The past – ahh my friend.
Funny thing for me is that as I wrote that I had a thought. I don’t look at my past as ugly. And although I’ve moved on – it’s still with me as little remnants of wisdom and some hurt.
I went on a date recently (I know OMG!) and this person asked me if I had any regrets. I thought for a moment and then I said NO.
He looked at me stunned “How is it possible you have no regrets?” and I said, “because it’s the past and every moment I have lived has given me a gift. Have I always been perfect? NOOOOO, I am human. Have I always made the right choices? NOOOO – I am human. But each experience has given me the gift of knowledge and understanding. Now believe me it usually takes me a while to figure it out, sometimes years and there are probably a few (that’s an understatement I’m sure!) that I have yet still to grasp. But I am truly grateful for every moment of my life.”

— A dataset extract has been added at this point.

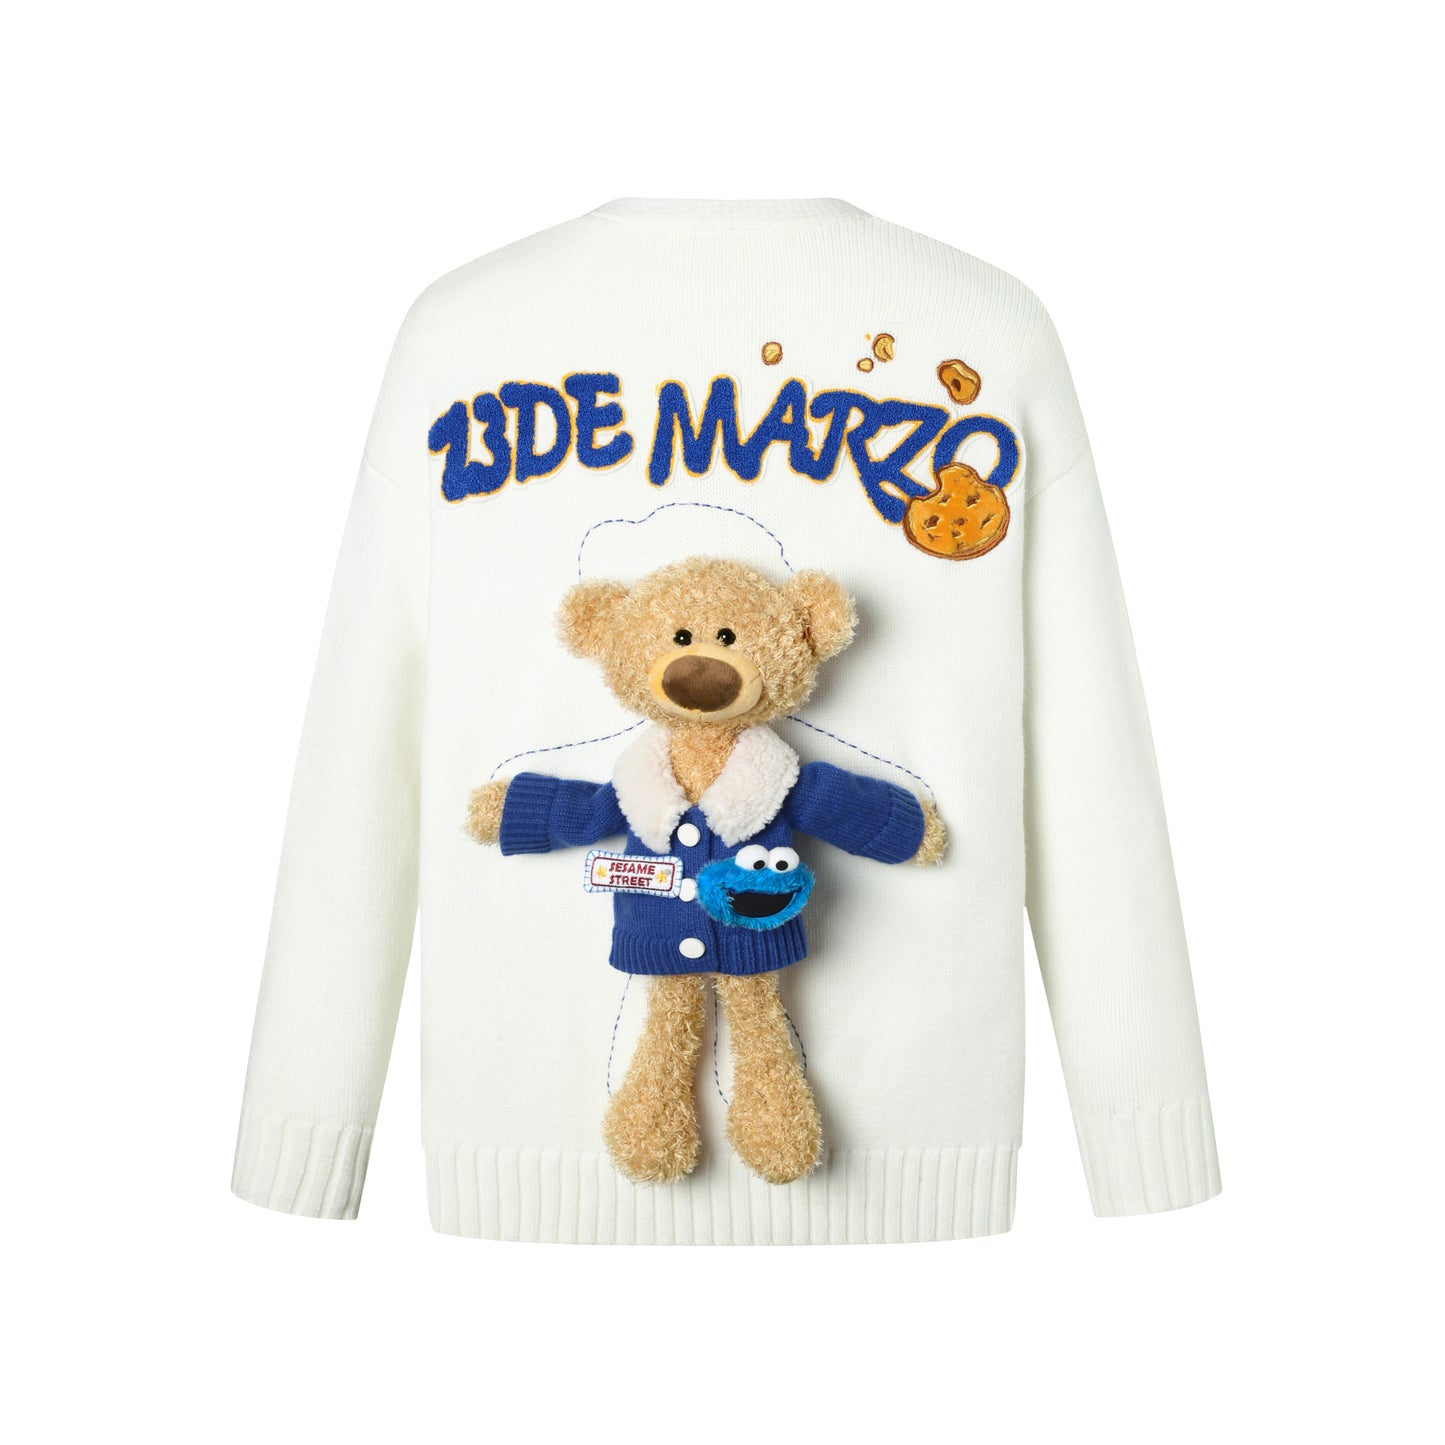 13DE MARZO Cookie Monster Knit Cardigan

Because without those moments I would not have this one.
I realize that it may sound easy for me to say I have no regrets, especially if I was on the giving side of the hurt. So I am taking this moment to say I am sorry to each and every person I have ever hurt in this life and every person I’m probably going to hurt in the future. I truly am sorry – my heart has never meant to hurt you and I hope you can forgive my awkwardness at being a human. I am often opinionated and often passionate about my being right and knowing. And with that I know I have hurt some feelings and bruised some egos along the way.

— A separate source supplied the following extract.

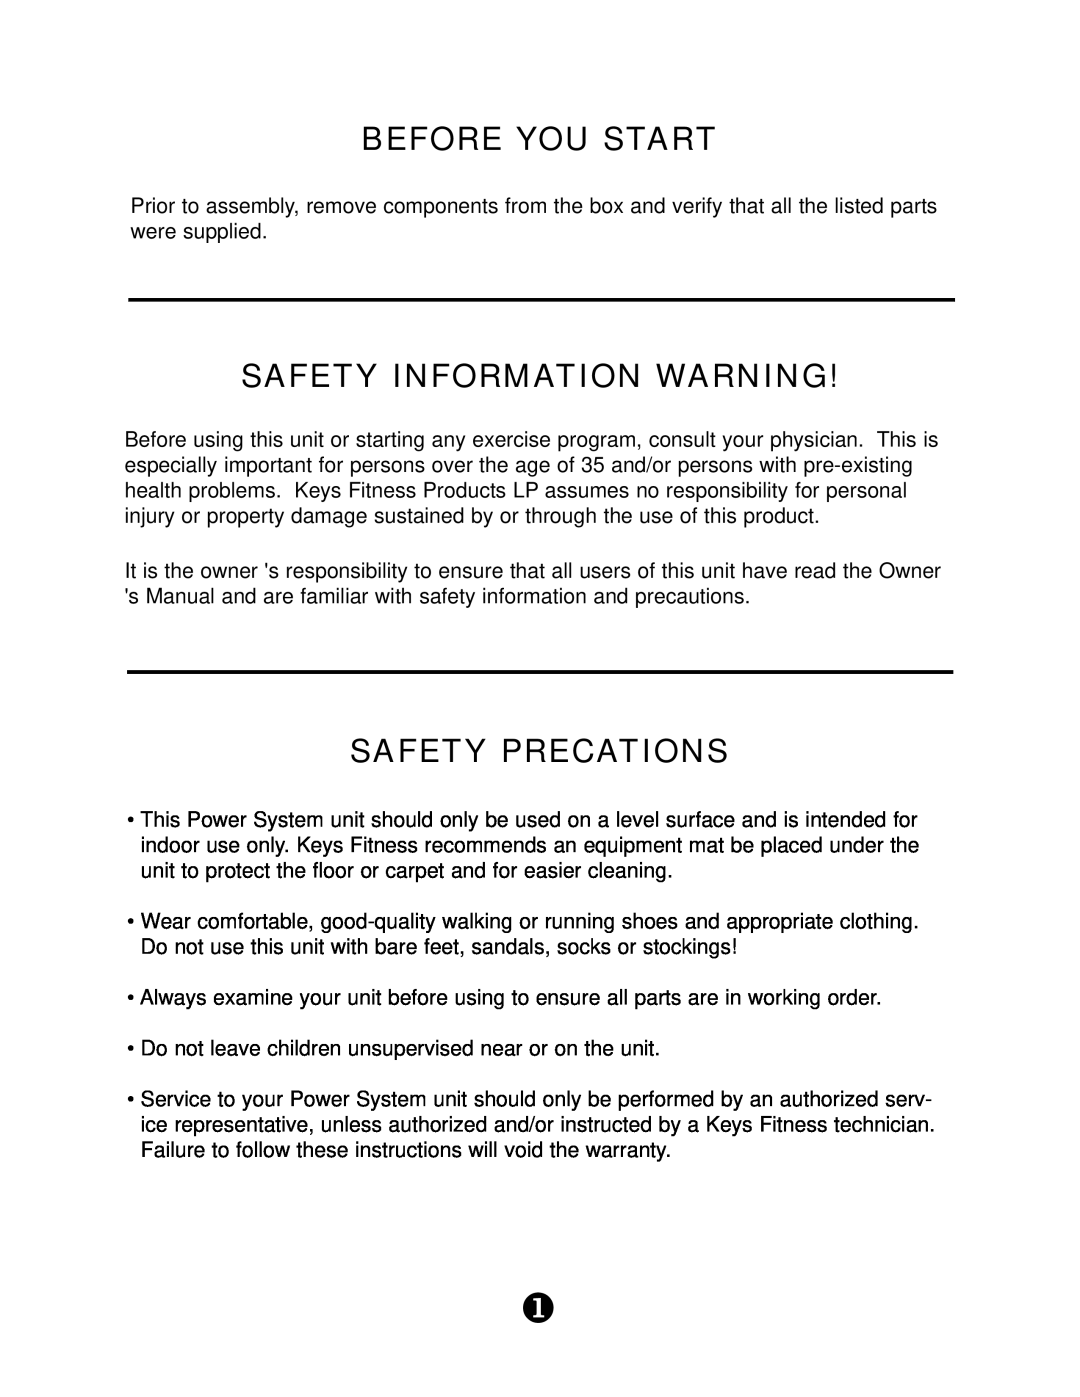 Keys Fitness KPS-PT manual Before You Start, Safety Information Warning, Safety Precations

In the last few years, I have come to realize I am ok with not knowing and that being right is only an opinion and I’ve grown weary of playing tug of war with the bag of truth.
I am taking this moment to say THANK YOU for giving me the opportunity to act out in way that showed me what I needed to see. I am forever grateful to each and every one of you.
I have forgiven myself of my past “failures” at being human and I have forgiven those who have “failed” me.
The most cathartic thing I have done in the last year was to write a book exposing my most inner thoughts and feelings. Allowing myself to share how I truly felt, instead of hiding behind the mask of the “got it all together girl.” Letting go of the hurt and the anger of the past and taking in the gift of the wisdom of it. Freeing myself of the hidden thoughts and words that I carried as wounds and replaced them with honor and love and gratitude.
In beginning to allow myself to be with the hurt and the fear instead of feeling shamed by it, pushing it deeper into the blackness of my soul, I have come to see it’s not as scary as I’ve made it out to be. There are lessons to be taken from them and used as I move to the future.
Last night I sat with anger and hurt and betrayal. We talked and explored each other until they realized I wasn’t any fun – so they left. I’m sure they’ll come back again, but I know each visit will be shorter and shorter.
There are people, places, things, times and events that I am still trying to glean the wisdom from, that still cause me suffering. But they soon will find their place of honor. I am a work in progress and I find acceptance in who I am.
I sincerely wish this for all of us. Because if we are to move into the future – we mustn’t forget our past, we cannot regret it. We must be grateful for it because it paved the way for the future.